Over the past decade, the scale of polymer additive manufacturing has been revolutionized with machines that print massive thermoplastic parts with greater geometric complexity than can be achieved by traditional manufacturing methods. However, the heat required to print thermoplastics consumes energy and induces thermal gradients that can reduce manufacturing flexibility and final mechanical properties. With the ability to be extruded at room temperature and excellent compatibility with fibers and fillers, thermoset resins show promise to decrease the energy consumption, expand the manufacturing flexibility, and broaden the material palette offered by large-scale polymer additive manufacturing.
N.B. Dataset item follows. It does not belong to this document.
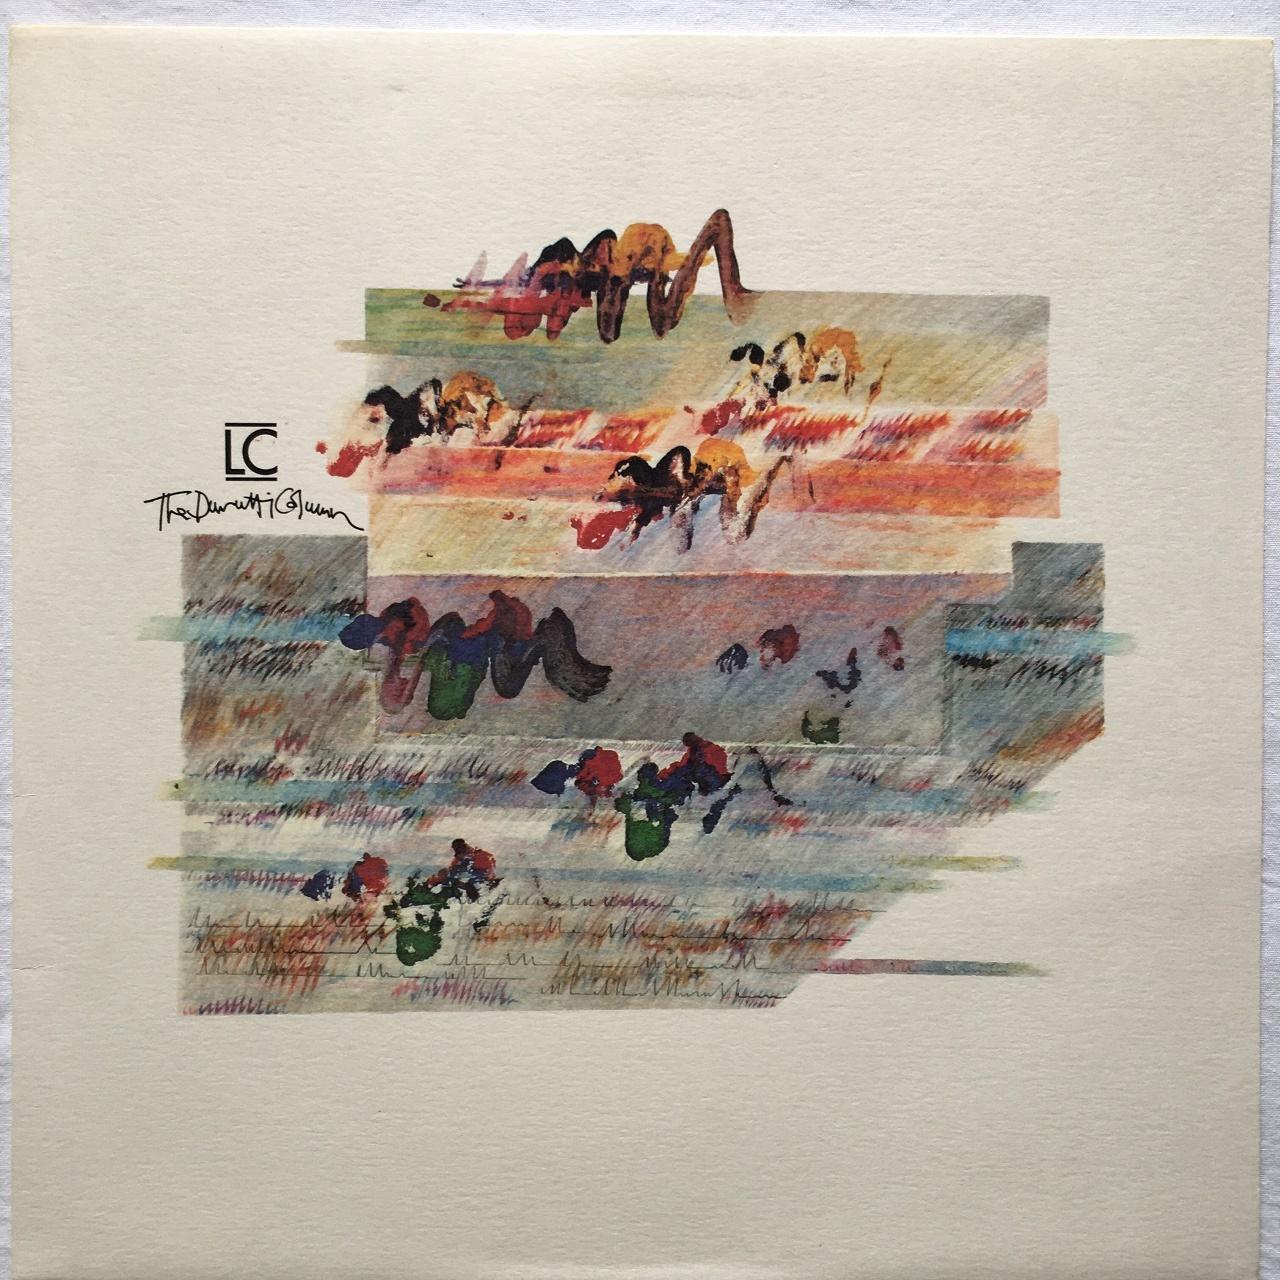 【LP・英盤】The Durutti Column / LC
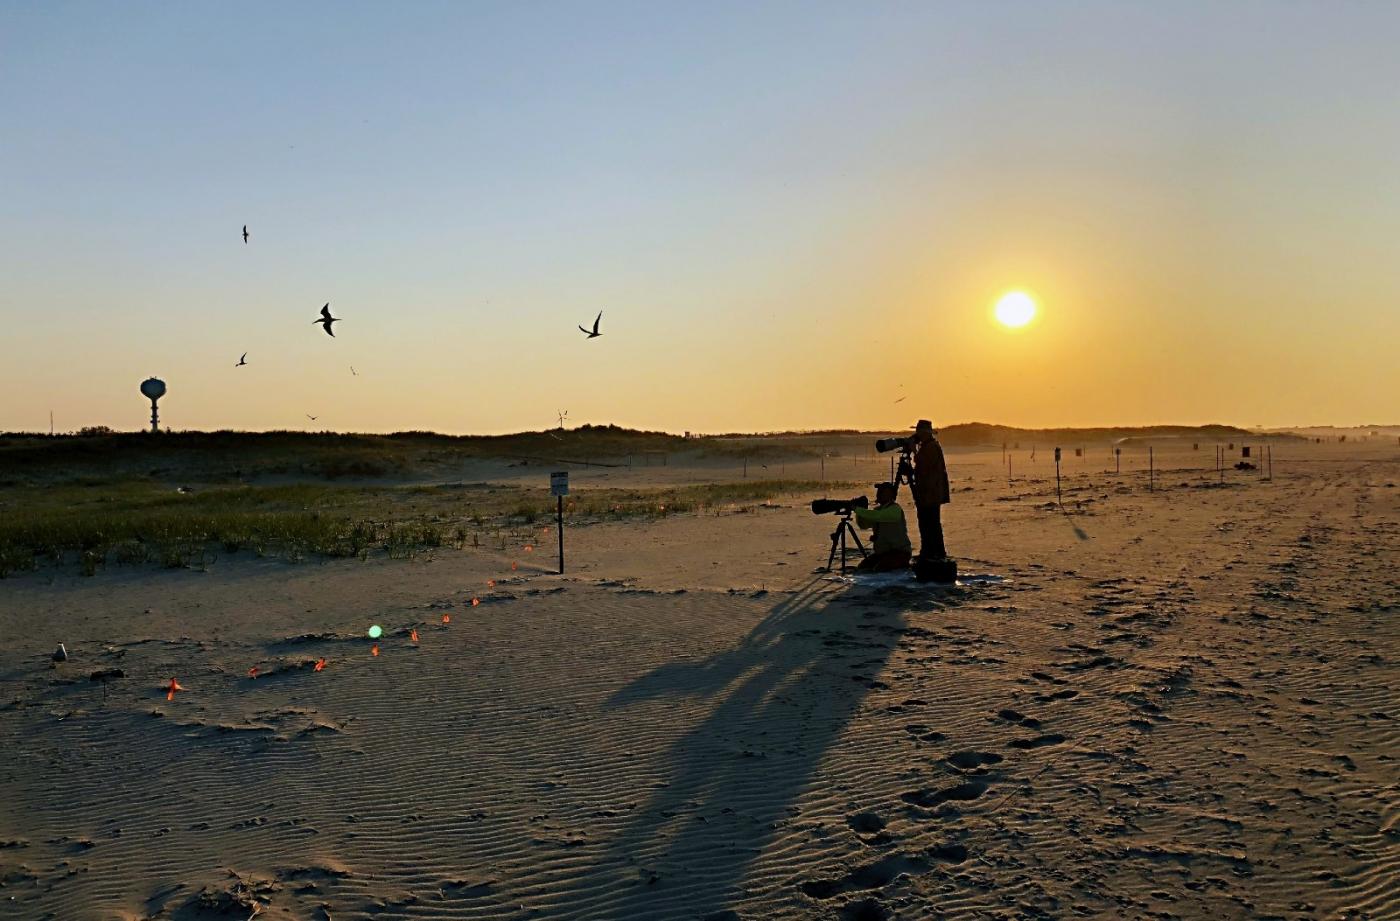 【田螺摄影】nickerson beach拍燕鸥求爱[二]_图1-25

However, structural instability in the uncured state has limited the scale of thermoset printing. This dissertation develops models to predict instabilities in printed thermoset structures and evaluates in-process chemically initiated curing to suppress instability.

First, instability is studied using direct ink writing to print thin walls with epoxy-based composite resins. Assuming these complex, viscoelastic resins exhibit elastic-plastic behavior, mechanical models based on measured rheological properties are shown to accurately predict collapse height, linking rheological properties to stability. This study helps estimate the scaling limits of thermoset additive manufacturing.

Second, unsupported, overhanging walls are printed with an epoxy-based composite resin. Again, assuming elastic-plastic behavior, an analytical beam bending model, finite element analysis, and rheological properties are used to predict the yield height and deflected profile of an unsupported overhanging wall. The predicted yield height and deflected profile agree with experimental observations. This study generalizes the link between rheological properties and structural stability, provides tools to analyze overhanging walls, and emphasizes scaling limitations.

Finally, a custom-built, large-scale printer is used to mix organic peroxide with vinyl ester resin immediately before deposition to initiate curing and suppress collapse. A stable processing window is revealed, where curing keeps pace with the rate at which layers are stacked on the print. Outside the stable processing window, successful printing is affected by pre-gel collapse, transient thermal behavior, and warpage. Preliminary modeling efforts are presented and motivate future research.

These studies advance large-scale thermoset additive manufacturing by providing ways to predict structural instabilities and evaluating one way to address instability.